• **Goal of the exercise**
When you reach the line containing "Twilight Sparkle CM" in the data below, begin returning lines exactly as written, and stop once the line containing "WHEN YOU MOVE" has been returned.

• **Raw data**
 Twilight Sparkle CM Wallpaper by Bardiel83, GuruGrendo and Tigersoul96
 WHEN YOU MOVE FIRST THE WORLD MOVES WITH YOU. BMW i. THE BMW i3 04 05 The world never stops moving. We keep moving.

--

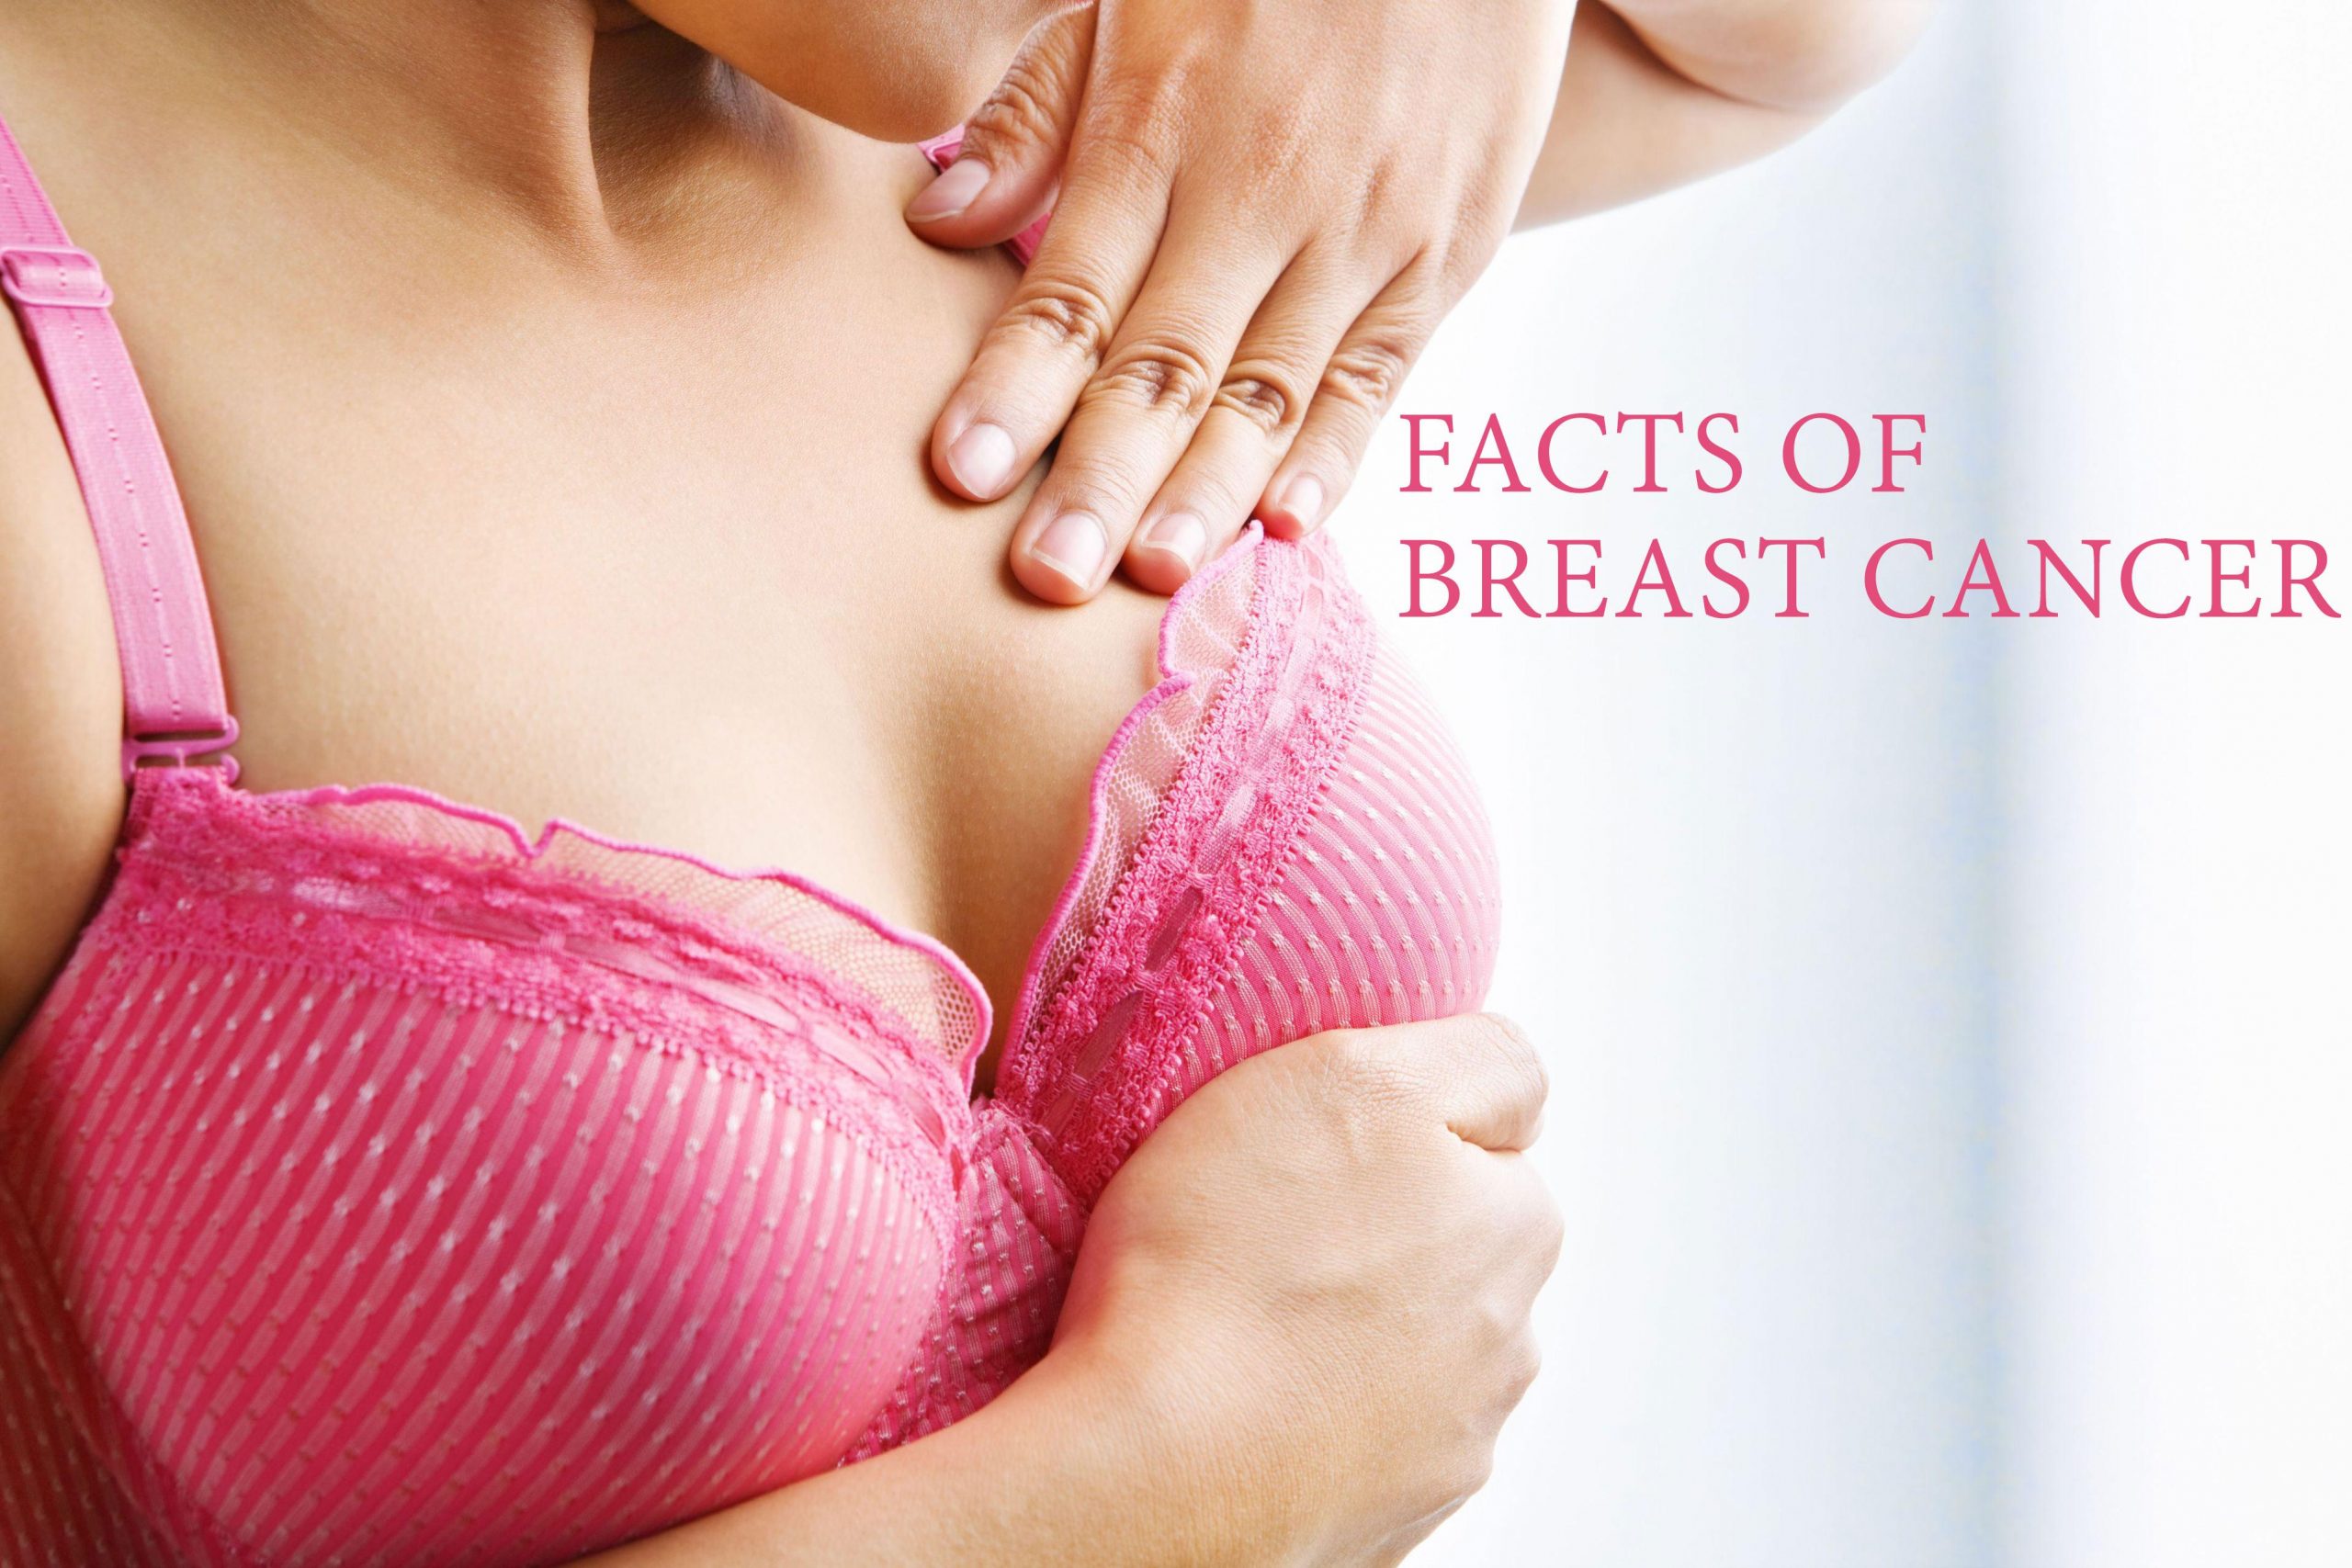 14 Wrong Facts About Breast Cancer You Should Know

==

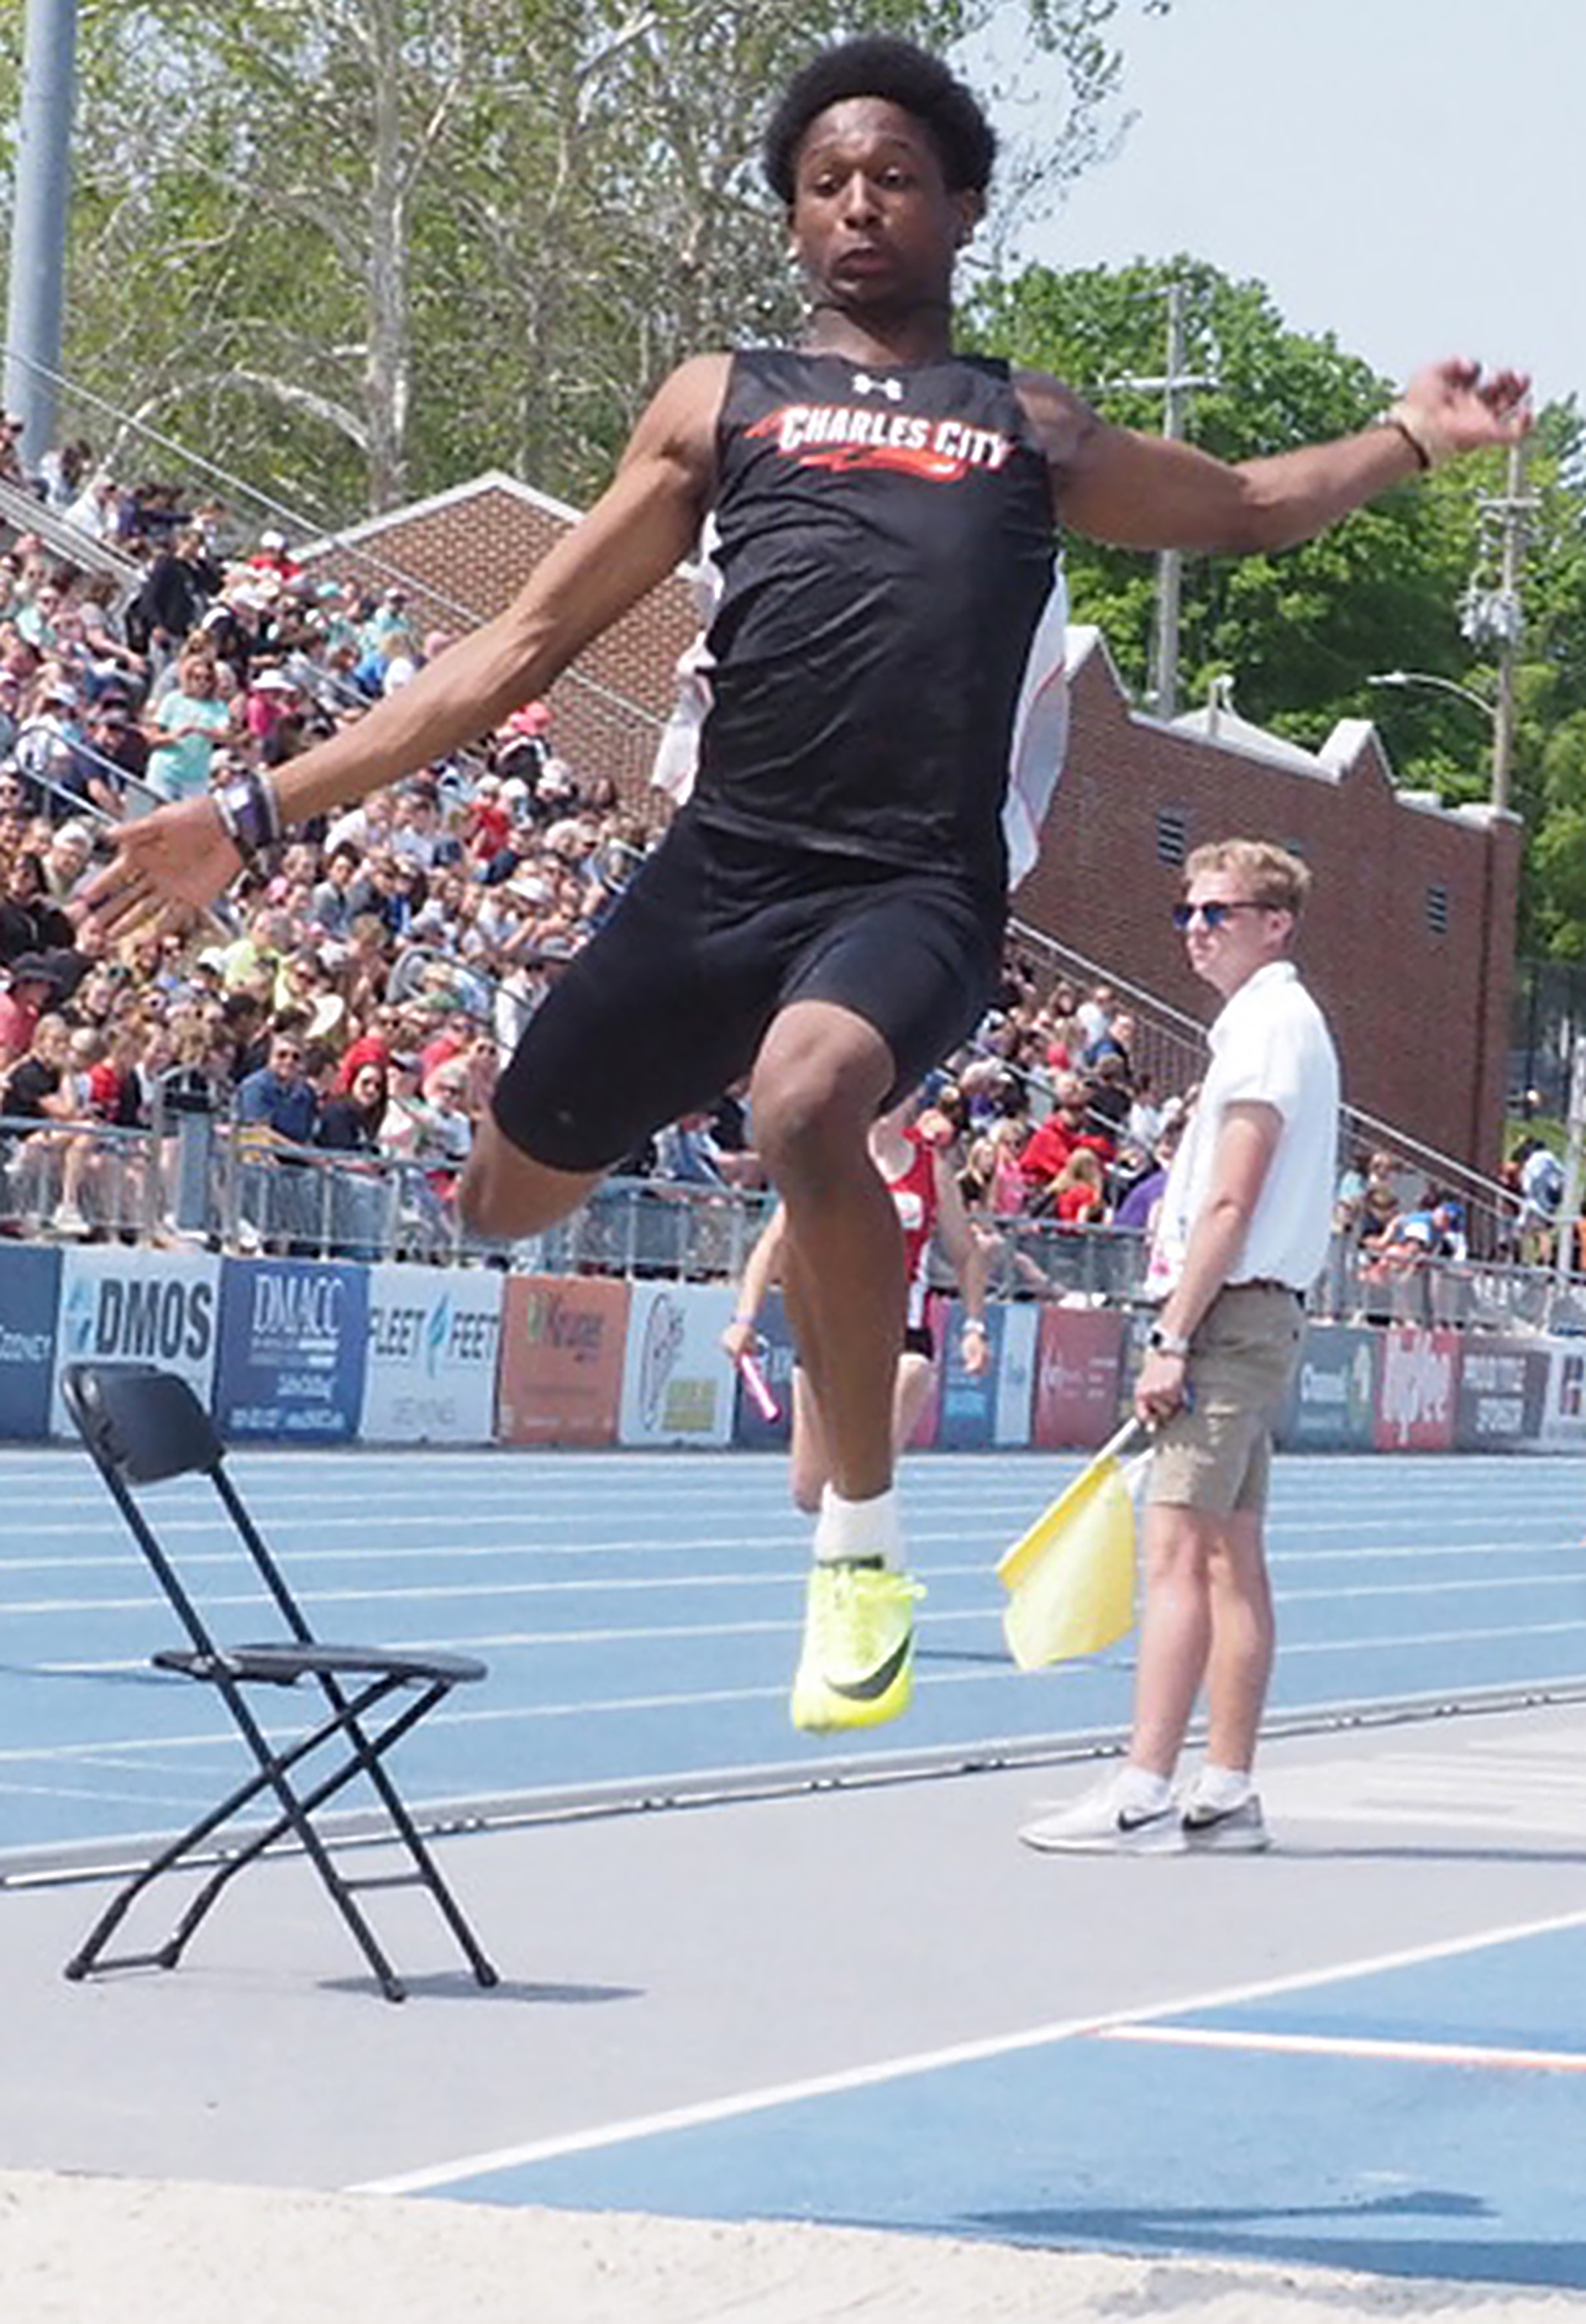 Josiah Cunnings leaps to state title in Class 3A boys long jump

• **Answer to the problem**
 Twilight Sparkle CM Wallpaper by Bardiel83, GuruGrendo and Tigersoul96
 WHEN YOU MOVE FIRST THE WORLD MOVES WITH YOU. BMW i. THE BMW i3 04 05 The world never stops moving. We keep moving.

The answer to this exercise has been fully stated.